Por Lisandra Paraguassu
BRASÍLIA (Reuters) – O Ministério das Relações Exteriores acionou a Câmara de Comércio Exterior (Camex) no início da noite desta quinta-feira para analisar a aplicação pelo Brasil da Lei da Reciprocidade Econômica sobre os Estados Unidos, disseram à Reuters fontes do Itamaraty familiarizadas com o assunto e posteriormente a informação foi confirmada pelo vice-presidente Geraldo Alckmin.
A notificação à Camex, feita depois de autorização do presidente Luiz Inácio Lula da Silva, dá início ao processo que pode levar à adoção de medidas de retaliação aos EUA, depois que o governo de Donald Trump impôs tarifas de 50% sobre produtos brasileiros exportados para o mercado norte-americano.
“Vai ser iniciado o processo”, disse Alckmin, que também é ministro do Desenvolvimento, Indústria, Comércio e Serviços, a jornalistas na Cidade do México na noite de quinta-feira. Alckmin está em visita ao país.
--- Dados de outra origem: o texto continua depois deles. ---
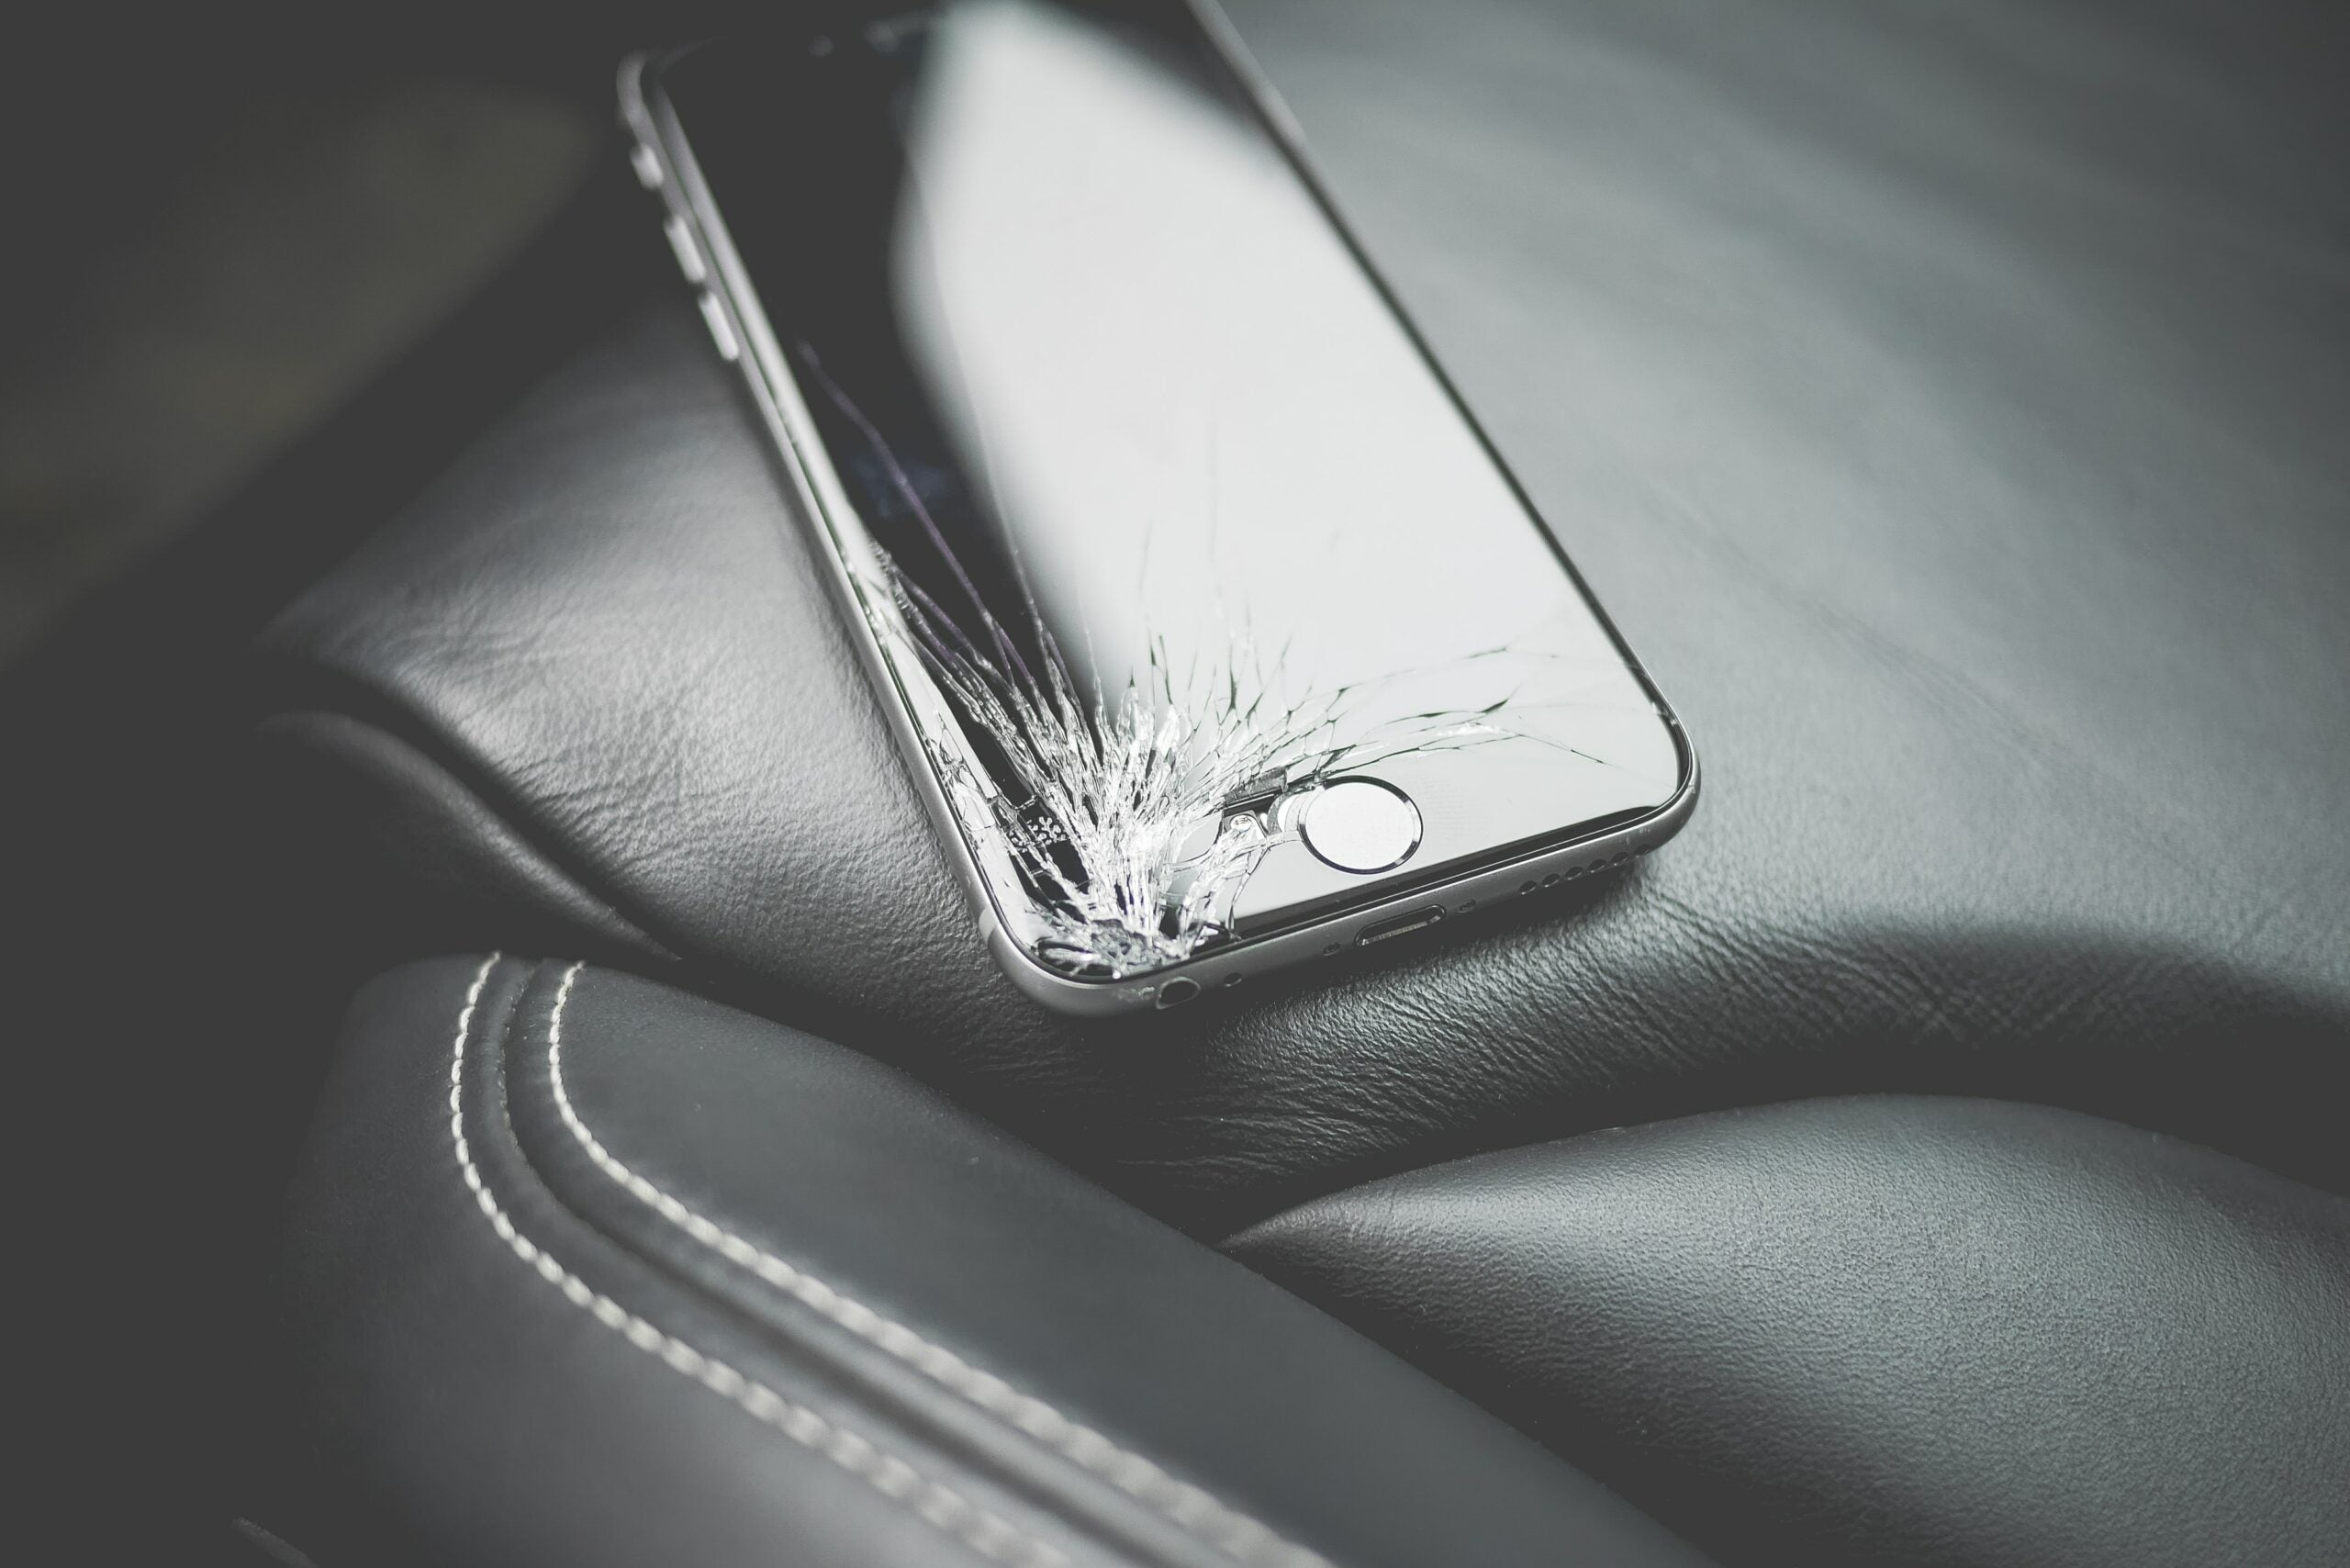 a cracked phone screen

A partir de agora a Camex tem 30 dias para apresentar um relatório sobre se as tarifas aplicadas pelos EUA quebram as regras do comércio internacional e podem justificar a adoção de medidas de reciprocidade, de acordo com a lei aprovada pelo Congresso em abril deste ano.
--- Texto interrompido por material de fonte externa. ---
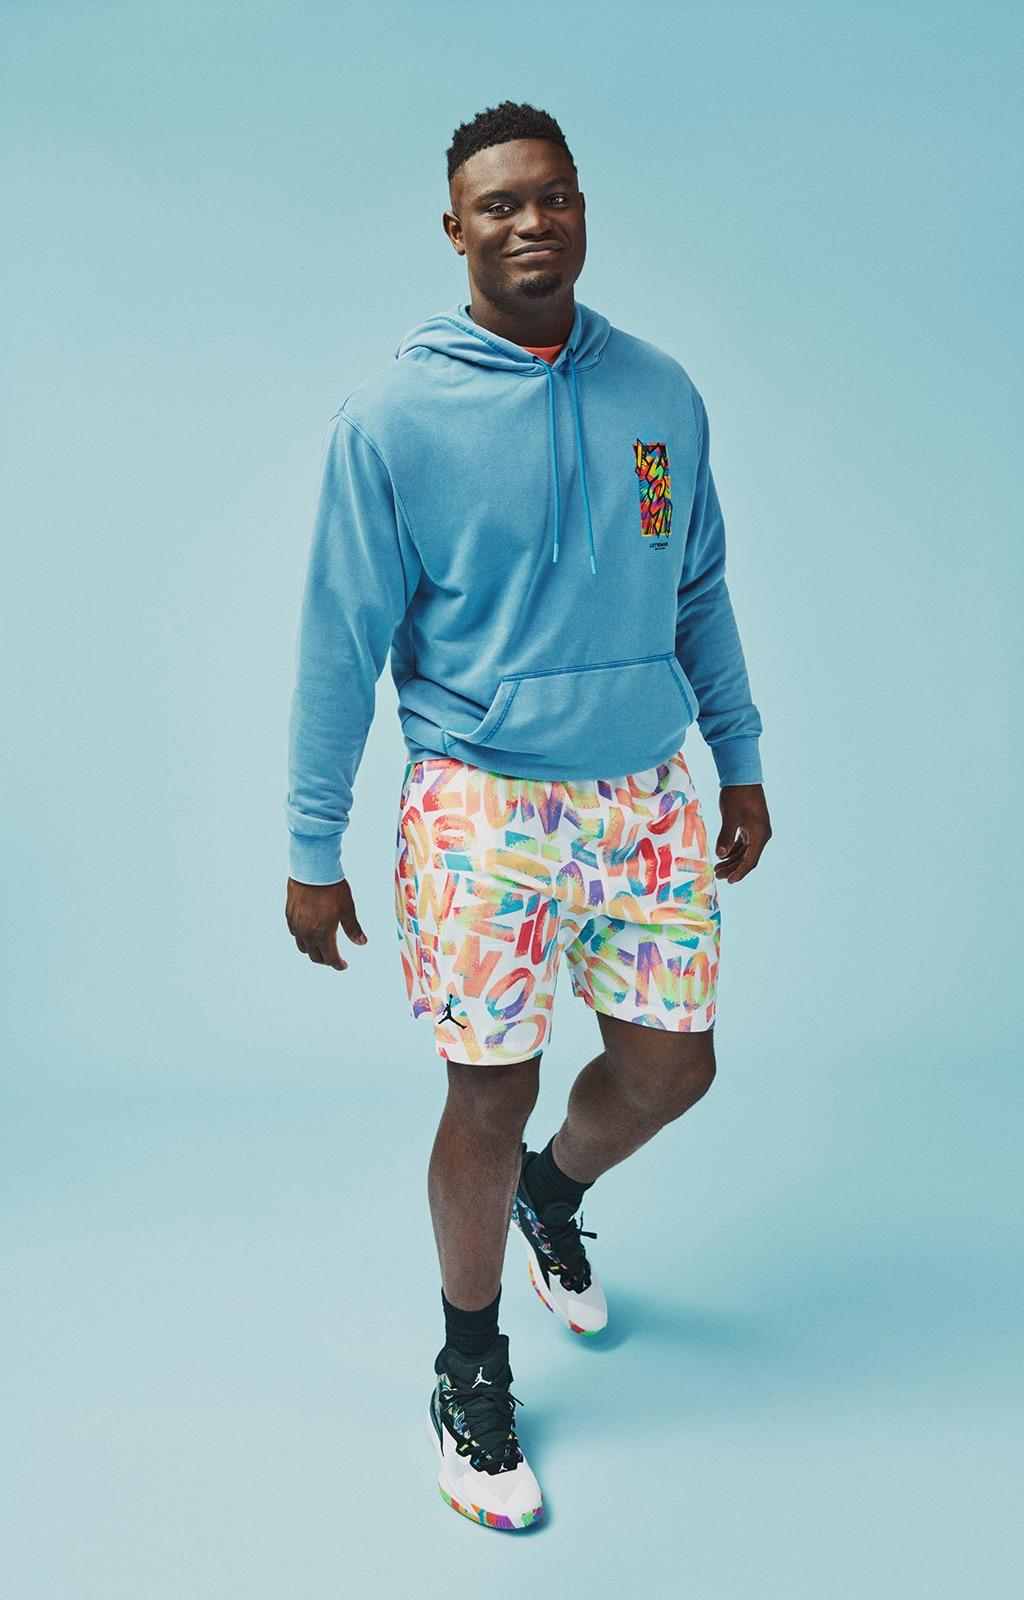 Коллекция одежды Zion x Jordan

O governo norte-americano, no entanto, será notificado da decisão na sexta-feira, “por cortesia”, e terá tempo para enviar uma resposta ao Brasil.
“O Congresso Nacional aprovou uma lei chamada Lei de Reciprocidade quase por unanimidade, que é um instrumento importante, necessário”, disse Alckmin aos jornalistas na capital mexicana.
Depois dos 30 dias, se aprovada a adoção de medidas contra os EUA, será formado um grupo de trabalho com vários setores do governo para decidir em que áreas o governo brasileiro deve agir. A lei aprovada pelo Congresso permite a retaliação em bens, serviços e propriedade intelectual.
De acordo com outras duas fontes do governo brasileiro, a tendência é que o Brasil se concentre nas duas últimas, suspendendo pagamento de royalties de propriedade intelectual e serviços como streamings e produtos culturais, já que medidas contra bens importados poderiam encarecer importações de empresas brasileiras. Quais os setores e medidas específicas devem ser uma decisão desse grupo de trabalho.
A decisão de iniciar o processo de reciprocidade leva a uma escalada das reações brasileiras na disputa econômica com os EUA e vem em resposta à dificuldade de encontrar qualquer abertura para negociação. Dentro do governo, a aposta na retaliação era sempre vista como última alternativa, caso as negociações falhassem.
O próprio presidente Lula vem reiterando que o governo brasileiro está aberto à negociação, mas repete que ninguém do lado norte-americano parece estar disposto a negociar. De fato, de acordo com fontes ouvidas pela Reuters, desde o início da adoção das tarifas, no começo deste mês, o governo brasileiro não conseguiu nenhuma brecha para conversas com os norte-americanos.
Na fala aos repórteres que acompanham sua viagem ao México, Alckmin disse esperar que o início do processo na Camex ajude na abertura de um canal de diálogo.
“O que eu espero é que isso ajude a acelerar o diálogo e a negociação”, afirmou.
A última reunião marcada, entre o ministro da Fazenda, Fernando Haddad, e o secretário do Tesouro dos EUA, Scott Bessent, há cerca de duas semanas, foi cancelada de última hora, por influência do deputado Eduardo Bolsonaro (PL-SP), que tem trabalhado para evitar qualquer negociação entre o governo Trump e o governo brasileiro.
Um dos motivos dados para a aplicação do tarifaço de 50% foi o que Trump chamou de “caça às bruxas” contra o ex-presidente Jair Bolsonaro, réu em processo no Supremo Tribunal Federal (STF) por tentativa de golpe de Estado.
Uma das fontes ouvidas pela Reuters lembra que o Brasil abriu um processo na Organização Mundial do Comércio (OMC), órgão internacional que deveria fazer a mediação desse tipo de disputa, e preferia levar as discussões para essa instância. No entanto, com a OMC funcionando precariamente, não há prazo ou expectativa de solução por lá.